- Directed by: Dennis Steinmetz
- Starring: Johnny Whitaker; Jack Wild; Louise DuArt; Paul Gale; Billy Barty; The Brady Bunch Kids;
- Country of origin: United States
- Original language: English

Production
- Producer: Sid and Marty Krofft
- Running time: 60 minutes

Original release
- Network: Syndication
- Release: November 24, 1973

= The World of Sid & Marty Krofft at the Hollywood Bowl =

The World of Sid & Marty Krofft at the Hollywood Bowl is a live show at the Hollywood Bowl on July 29, 1973 that was filmed and aired as a television special, produced by Sid and Marty Krofft. It originally aired in syndication on Thanksgiving weekend, November 24, 1973. Although shot at the Hollywood Bowl in front of a live audience, the special also used a laugh track, like other Krofft shows, for sweetening.

==Synopsis==
The special consists of a series of performances and skits based around the shows of Sid and Marty Krofft:
- Johnny Whitaker hosts the show and performs "Friends," the theme song from Sigmund and the Sea Monsters.
- Jack Wild appears as Jimmy, who searches high and low for his friend H.R. Pufnstuf (Van Snowden).
- H.R. Pufnstufs resident villain, Wilhelmina W. Witchiepoo (Louise DuArt, substituting for Billie Hayes) and Lidsvilles wacky magician Horatio J. Hoodoo (Paul Gale, substituting for Charles Nelson Reilly) each showcase their unique magic talents.
- The Brady Bunch Kids (Barry Williams, Maureen McCormick, Christopher Knight, Eve Plumb, Mike Lookinland, Susan Olsen) perform a medley of songs, though they would not appear in a Krofft TV production until The Brady Bunch Hour in 1976.

==Alternate versions==
Originally the special was broadcast in an hour-long timeslot with a total running time of 50 minutes (sans commercials).

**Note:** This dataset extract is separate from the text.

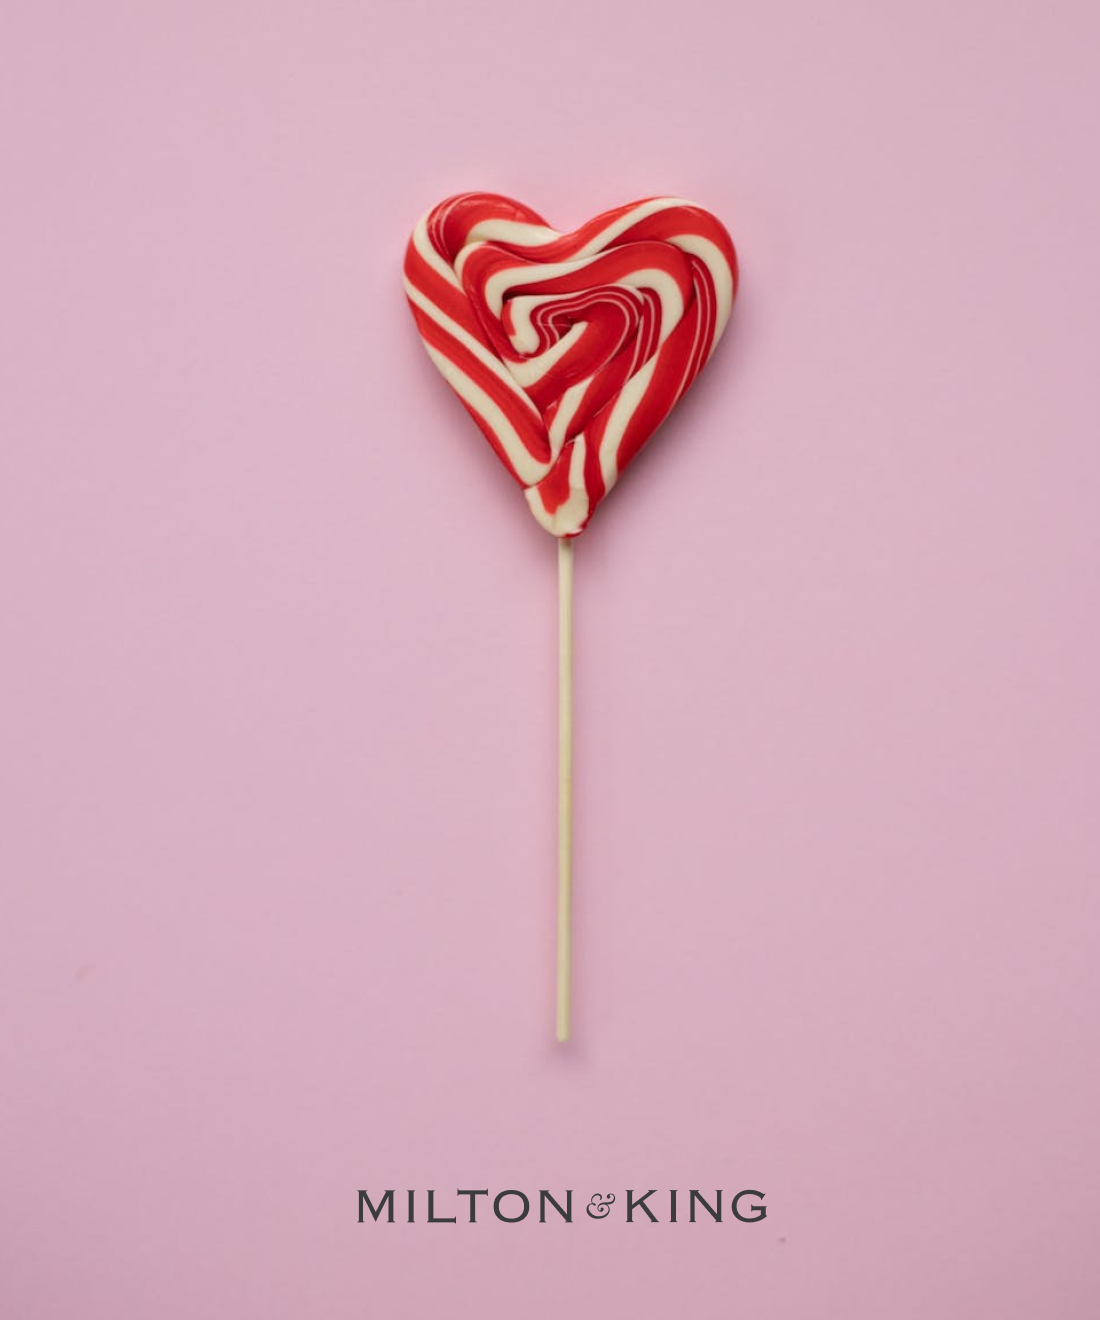 Milton & King - Un cadeau pour vous ! Carte Cadeau

In 1995, Nick at Nite aired the special in a half-hour timeslot during their "Pufapalooza" marathon. This version was missing the opening sequence (Billy Barty and other little people prepared the stage) and all of the scenes with Witchiepoo and Hoodoo. The special later aired frequently in an hour-long timeslot on TV Land with some minor trims to compensate for increased commercial time.

The uncut version of the special was released on VHS by Rhino Home Video in 1997 under the title H.R. Pufnstuf Live at the Hollywood Bowl.